If you can’t reach Eleanor Porter by phone, it is likely that she is out for the day participating in some sort of activity offered at St. John’s Meadows. “We have wonderful programs here and I participate in almost all of them,” smiles Eleanor. From chair exercise to card games you can almost always bet Eleanor Porter is a face in the crowd. And don’t forget the cocktail parties, where Eleanor enjoys her drink of choice – gin and tonic.

Eleanor grew up in a small town in Lancaster, New Hampshire where she learned firsthand how to bare the cold weather. A competitive speed skater, Eleanor enjoyed the thrill of the fast lane. “I had lots of blue ribbons,” she said humbly. Following high school, Eleanor decided to join the Navy as a nurse during World War II. She was stationed in Newport, RI, which she dubbed as “ritzy” and “wonderful.” “I saw firsthand what war does to young men,” she explained, her sky blue eyes solemn and nostalgic.

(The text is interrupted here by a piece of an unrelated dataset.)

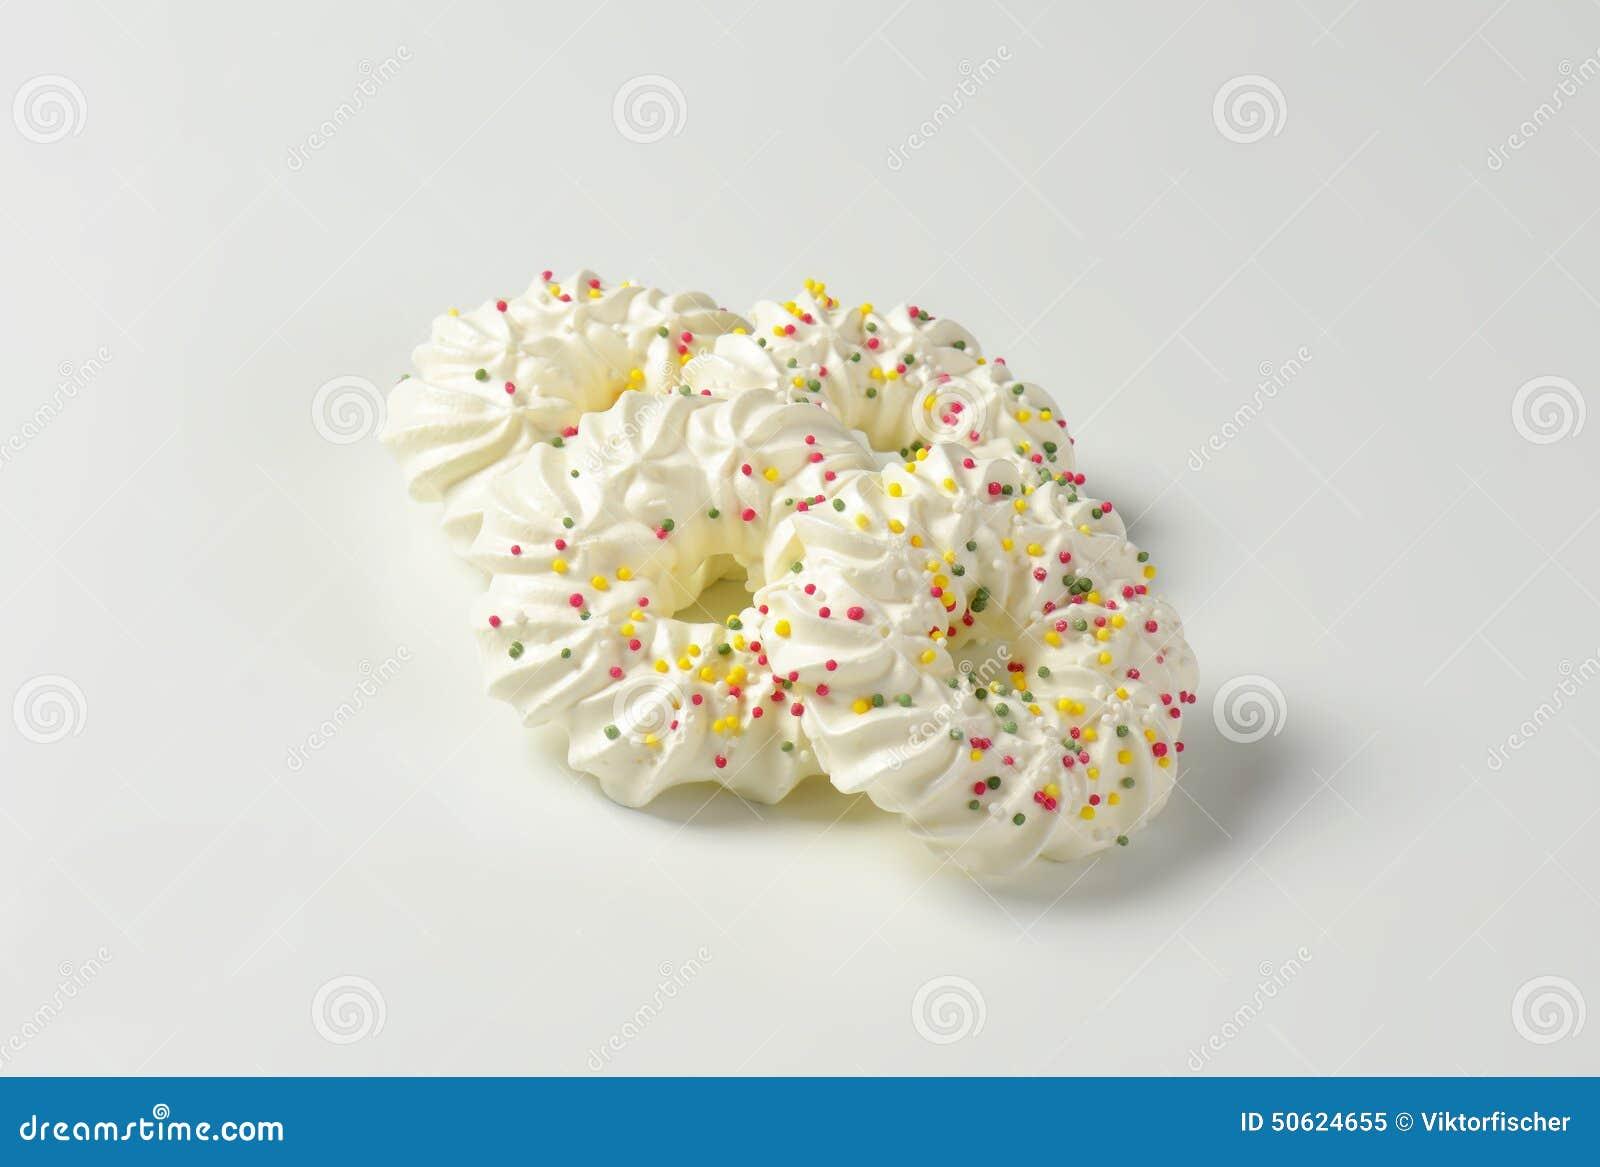 Meringue Wreath Cookies Stock Image Image Of Sprinkles 50624655

After three years in the Navy, Eleanor connected with her childhood sweetheart Ralph, who served in the Air Force. The couple made their way back to Lancaster where they got married in the church in which they grew up. Shortly after, Eleanor and Ralph moved to Storrs, CT where they both attended the University of Connecticut on the G.I. Bill. Eleanor pursued nursing while Ralph studied engineering.

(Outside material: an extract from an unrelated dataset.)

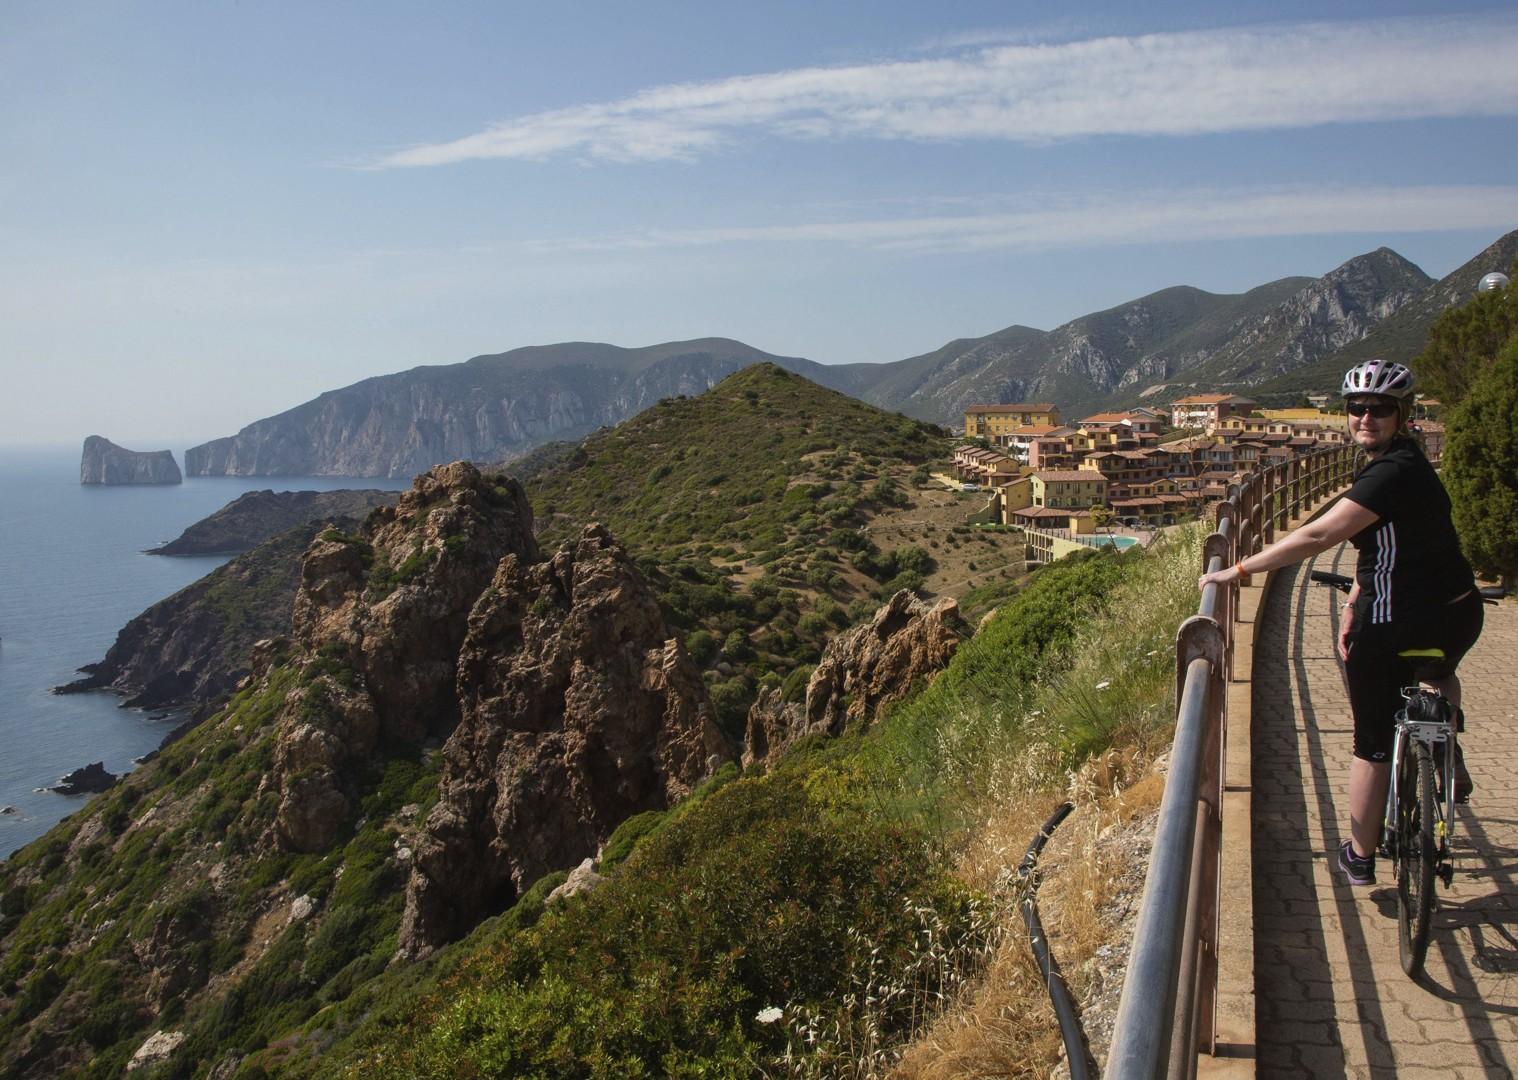 SardiniaCycling-60.jpg - Italy - Sardinia - Family Flavours - Guided Family Cycling Holiday - Family Cycling

Two children and a job offer later, the Porters made their way to Rochester, where Ralph began his career at Kodak. Eleanor and Ralph had two more children and eventually were blessed with six grandchildren and two great grandchildren. Eleanor taught at the Unitarian Church as the assistant director of religious education where she met many lifelong friends, one of whom is another Hawthorne resident.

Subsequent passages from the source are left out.